Virginia Woolf, De la lecture et de la critique, suivi de : Les fruits étranges et brillants de l’art, Essais choisis, traduits et présentés par Sylvie Durastanti, Les Belles Lettres, 03/03/23, 280p, 13,50€.
La réédition de textes d’écrivains auxquels nous n’avions plus accès constitue un bonheur rare. Ceux de Virginia Woolf ne font pas exception. En effet, les éditions Les Belles Lettres en ont rassemblé plusieurs, dont deux majeurs, De la lecture et de la critique et Les fruits étranges et brillants de l’art, qui constituent un défi stimulant pour le lecteur en ce début d’été.
L’univers immersif de la lecture
Le texte qui ouvre le livre commence par décrire la bibliothèque de l’écrivain, dans la maison familiale. Ce havre destiné à la lecture donne sur la campagne anglaise, permettant ainsi à l’auteur de se livrer à des considérations poétiques sur la beauté de la nature.
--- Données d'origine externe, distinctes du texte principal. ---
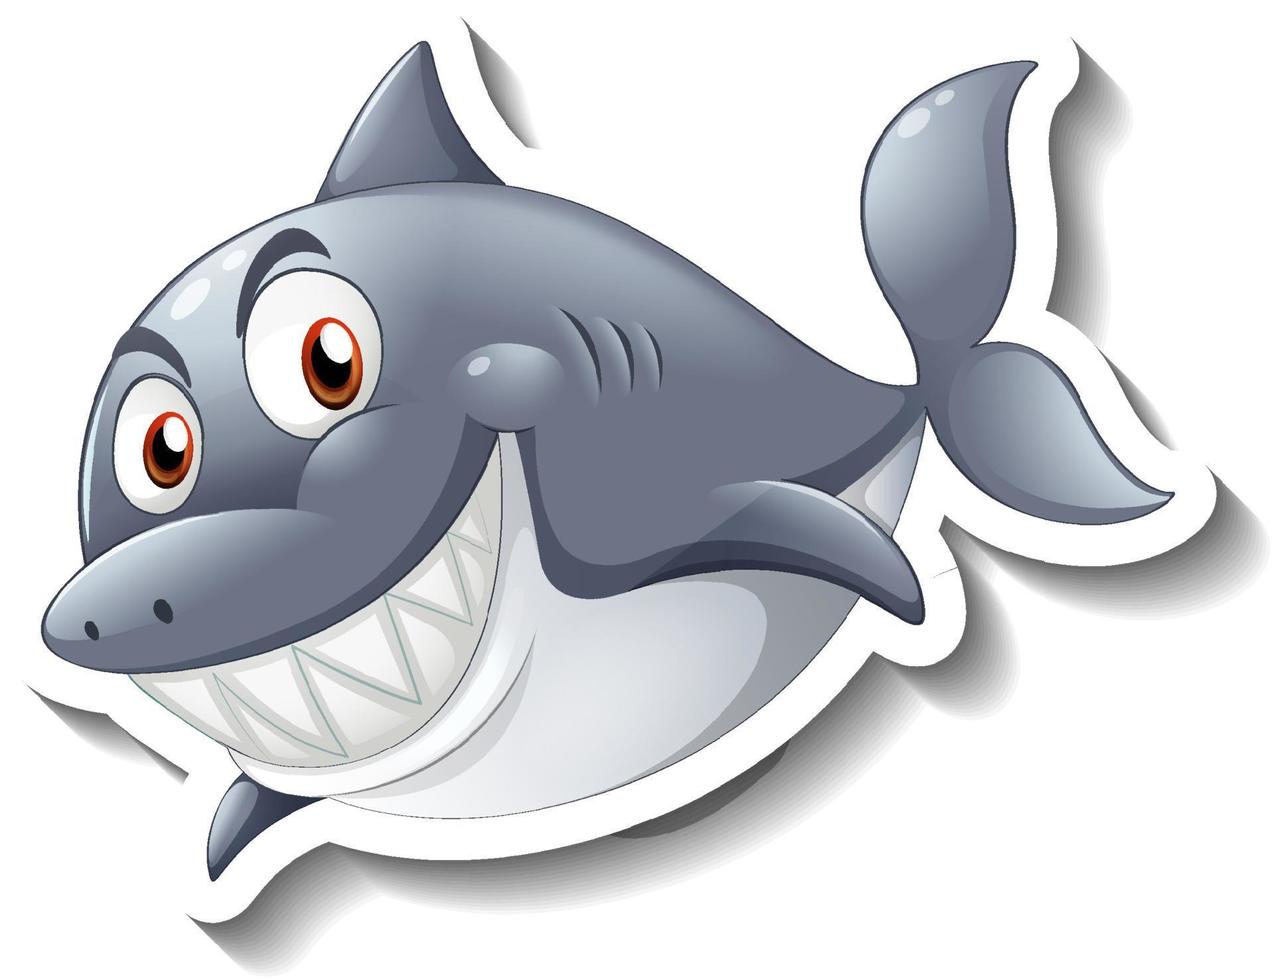 Smiling shark cartoon sticker vector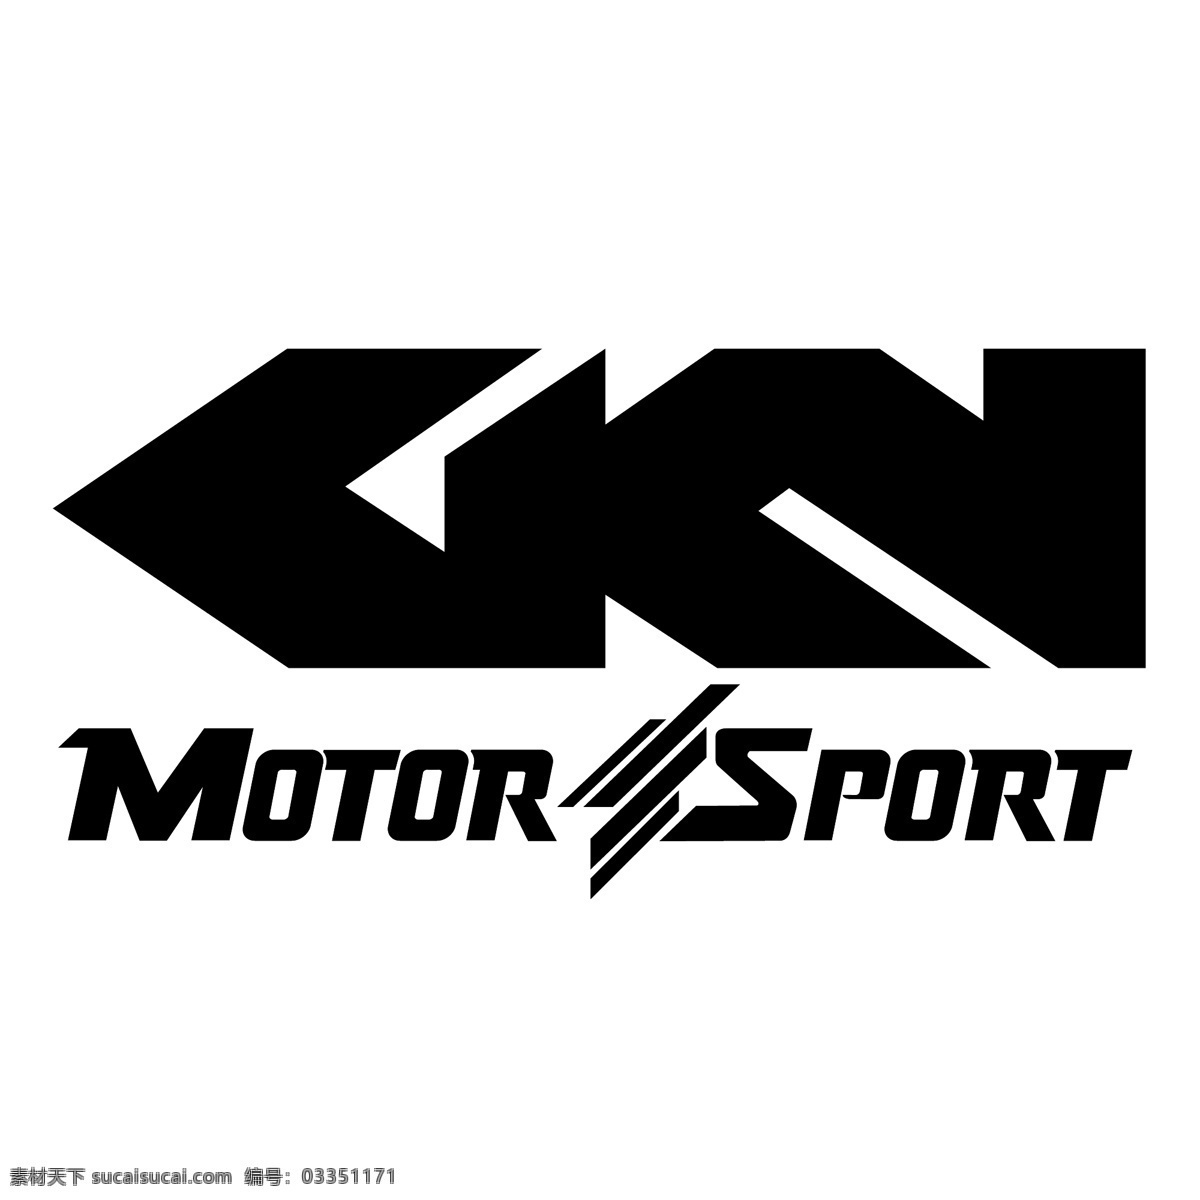 gkn赛车 赛车 gkn gkn的赛车 赛车运动 矢量 免费 矢量图像下载 赛车的设计 赛车标识向量 向量 建筑家居

Cette réalité environnementale a pour particularité de venir s’intégrer à l’univers du livre, déclenchant l’imagination de l’auteur :
Debout à la fenêtre, le regard plongeant dans le jardin, j’entendais le doux murmure de tous ces livres vivants remplir la pièce. Mer profonde, en effet, que le passé, marée destinée à nous entraîner et nous engloutir. Effectivement, les joueurs de tennis semblaient presque transverbérés déjà, tandis qu’ils remontaient par la pelouse jusqu’à la maison, au terme de leur partie.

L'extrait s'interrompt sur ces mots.